Die müssen ihre Pflichten tatsächlich wahrnehmen können. Zudem müssen sie den Kontakt zur DSO halten. Es reicht nicht, wenn der Klinikträger in einem Krankenhaus einen Transplantationsbeauftragten benennt, aber wir wissen nicht, was der tut.

Und wir wissen nicht, welche Todesfälle auf der Intensivstation in diesem Krankenhaus zu einer Organspende hätten führen können.

Es gibt die Diskussion, nicht mehr dem ein Organ zuzuteilen, der es am dringendsten braucht, sondern dem, der voraussichtlich am längsten damit lebt. Wie stehen Sie dazu?

Das ist eine hochethische Fragestellung. Es ist nicht Aufgabe der DSO, sie zu beantworten Das ist eine typische Aufgabe für die Fachgesellschaften und Ethikkommissionen. Die gegenwärtig verbindlichen Richtlinien mögen falsch sein. Dann muss man sie korrigieren.

Aktuell lautet die Frage aber: Kann man vor dem Hintergrund der aufgetretenen Zwischenfälle sagen, wir geben den Ärzten mehr Spielraum, oder muss man im Gegenteil sagen, wir müssen ihr Tun noch stärker normativ vorgeben?
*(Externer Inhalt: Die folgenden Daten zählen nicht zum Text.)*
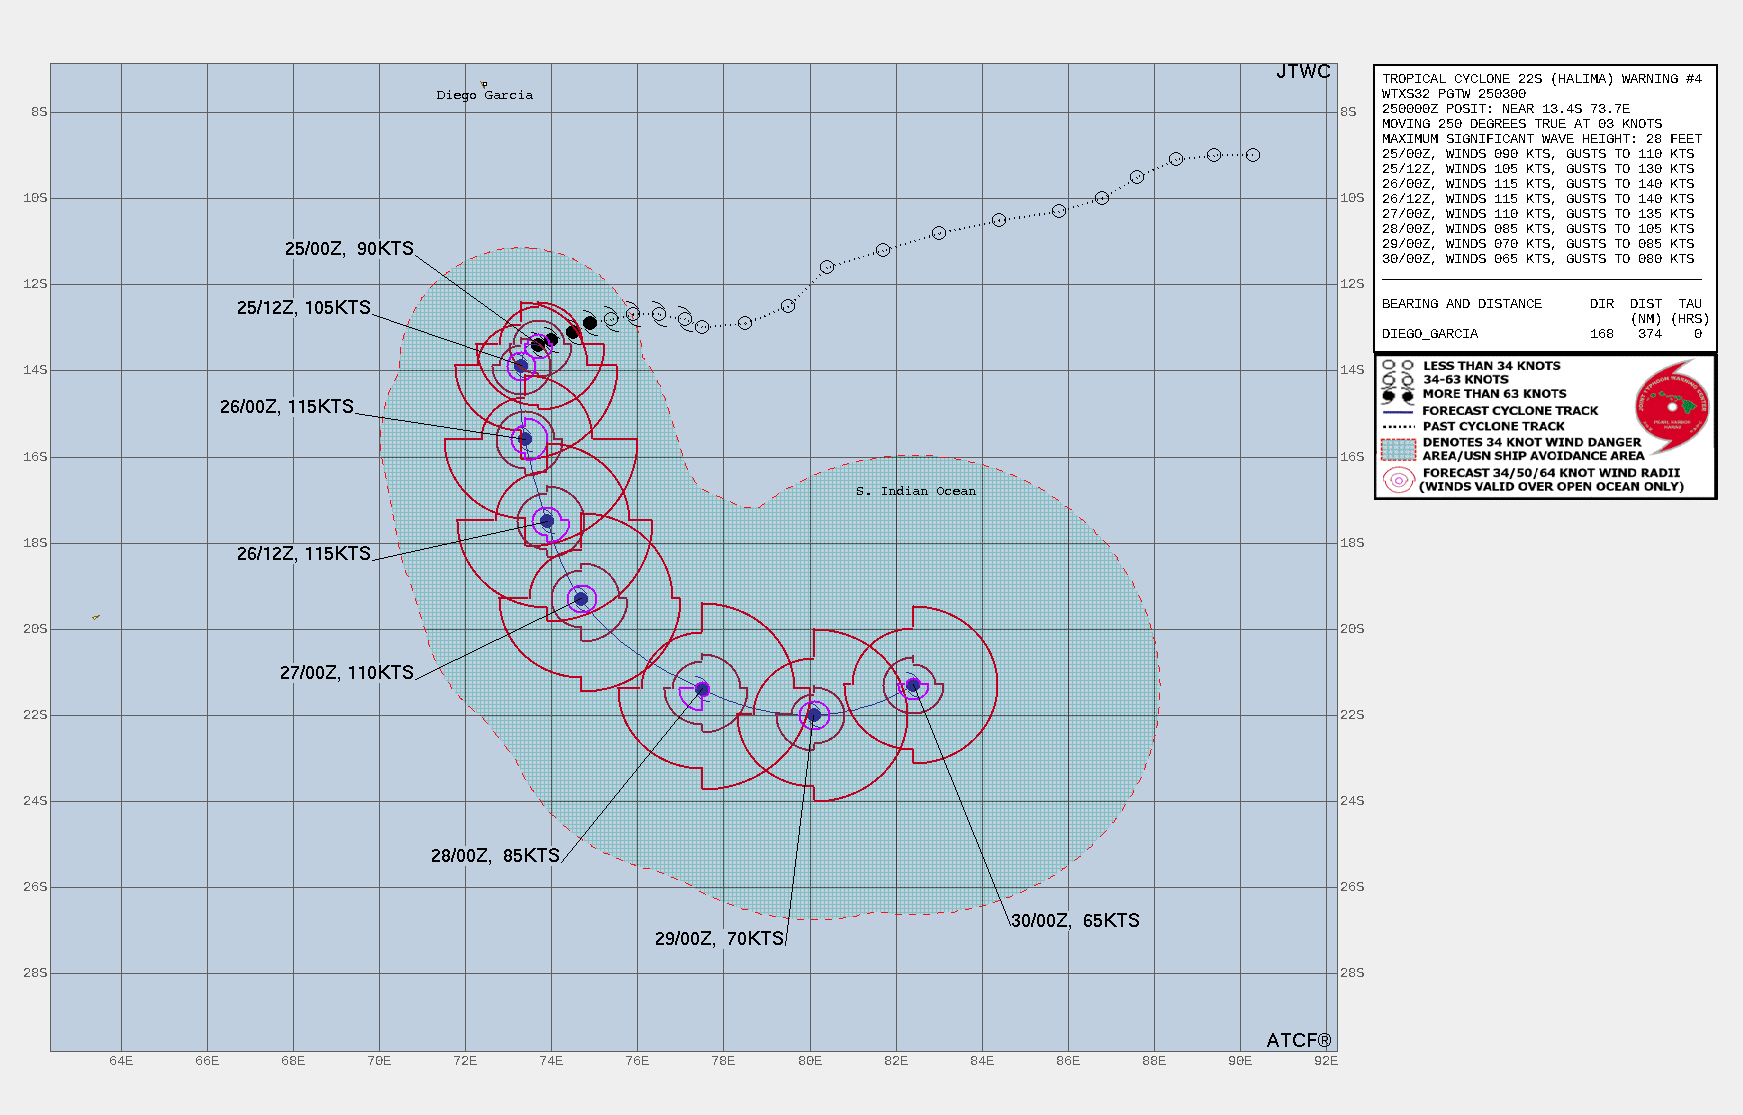 FORECAST REASONING.  SIGNIFICANT FORECAST CHANGES: THERE ARE NO SIGNIFICANT CHANGES TO THE FORECAST FROM THE PREVIOUS WARNING.  FORECAST DISCUSSION: OVER THE PAST TWELVE HOURS TC 22S HAS SLOWED SIGNIFICANTLY, WITH THE MOTION VECTOR AROUND THREE TO FOUR KNOTS TOWARDS THE WEST AT ANALYSIS TIME UNDER COMPETING STEERING INFLUENCES BETWEEN THE SUBTROPICAL RIDGE (STR) TO THE WEST AND A NEAR EQUATORIAL RIDGE (NER) COMPLEX TO THE EAST. THE STR TO THE WEST IS FORECAST TO ERODE AND MOVE FURTHER TO THE WEST IN THE NEAR-TERM, WITH A MERIDIONAL NER-STR COMPLEX TO THE EAST ASSUMING THE DOMINANT STEERING ROLE. TC 22S IS FORECAST TO TURN POLEWARD BY 12H, AND BEGIN TO ACCELERATE AS IT MOVES ALONG AN INCREASINGLY TIGHT GRADIENT BETWEEN THE STEERING RIDGE AND  A NORTH-ORIENTED UPPER-LEVEL TROUGH. BY 72H THE SYSTEM WILL TURN EASTWARD AS THE NER TO THE NORTH MOVES TO A POSITION DUE NORTH OF THE SYSTEM AND A STRONG LOW TO MID-LEVEL STR BUILDS IN TO THE SOUTHEAST AND EFFECTIVELY BLOCKS ANY FURTHER POLEWARD MOVEMENT. BY THE END OF THE FORECAST THE TRACK WILL BECOME MORE ERRATIC, POTENTIALLY LOOPING FIRST EQUATORWARD THEN POLEWARD AS IT ONCE AGAIN MOVES INTO A WEAK STEERING PATTERN. THE ENVIRONMENT IS ABOUT AS OPTIMUM FOR INTENSIFICATION AS IT COULD BE, WITH VERY LOW SHEAR, VERY WARM SSTS AND ROBUST RADIAL OUTFLOW. RECENT EIR SUGGESTS THE EYE MAY FINALLY BE ESTABLISHING ITSELF, AND THE RECENT BURST OF LIGHTNING ACTIVITY SUGGESTS THE IMMINENT ONSET OF ANOTHER ROUND OF POTENTIALLY RAPID INTENSIFICATION, TO A PEAK OF 115 KNOTS/CAT 4 US, THOUGH IT IS POSSIBLE THAT THE ULTIMATE PEAK COULD BE CLOSER TO 125 KNOTS, ESPECIALLY IF THE EYE CAN CLEAR OUT AND WARM SIGNIFICANTLY. THE OPTIMUM ENVIRONMENTAL CONDITIONS SHOULD PERSIST FOR ABOUT 24 TO 36 HOURS BEFORE INCREASING SHEAR AND DECREASING OUTFLOW ALOFT WILL CONSPIRE TO WEAKEN THE SYSTEM SIGNIFICANTLY. ENVIRONMENTAL CONDITIONS LEVEL OFF AS THE SYSTEM TRACKS EASTWARD AFTER 72H, AND WHILE NOT AS OPTIMUM, WILL SUPPORT MAINTENANCE OF A TYPHOON STRENGTH SYSTEM THROUGH THE END OF THE FORECAST.

Der Gesundheitsminister denkt über härtere Sanktionsmöglichkeiten nach. Wie sollen die aktuellen Vorfälle geahndet werden?

Für mich als DSO-Vorstand steht nicht die Bestrafung der beteiligten Ärzte im Vordergrund sondern die Einführung geeigneter Maßnahmen, die derartige Manipulationen für die Zukunft verhindern.

Außerdem muss man erst prüfen, nach welchem Delikttatbestand bestraft werden soll. Liegt Körperverletzung vor? Wer ist dann verletzt worden. Ist das Betrug? Wer wird betrogen. Die Klinik ist es nicht, wenn Zielvereinbarungen abgeschlossen worden sind.

Geschädigt ist derjenige, der das Organ nicht bekommt. Aber den müssen sie erst einmal als tatsächlich geschädigtes Individuum ausmachen. Es ist ein Verstoß gegen das Berufsrecht. Den kann man wohl standesrechtlich ahnden.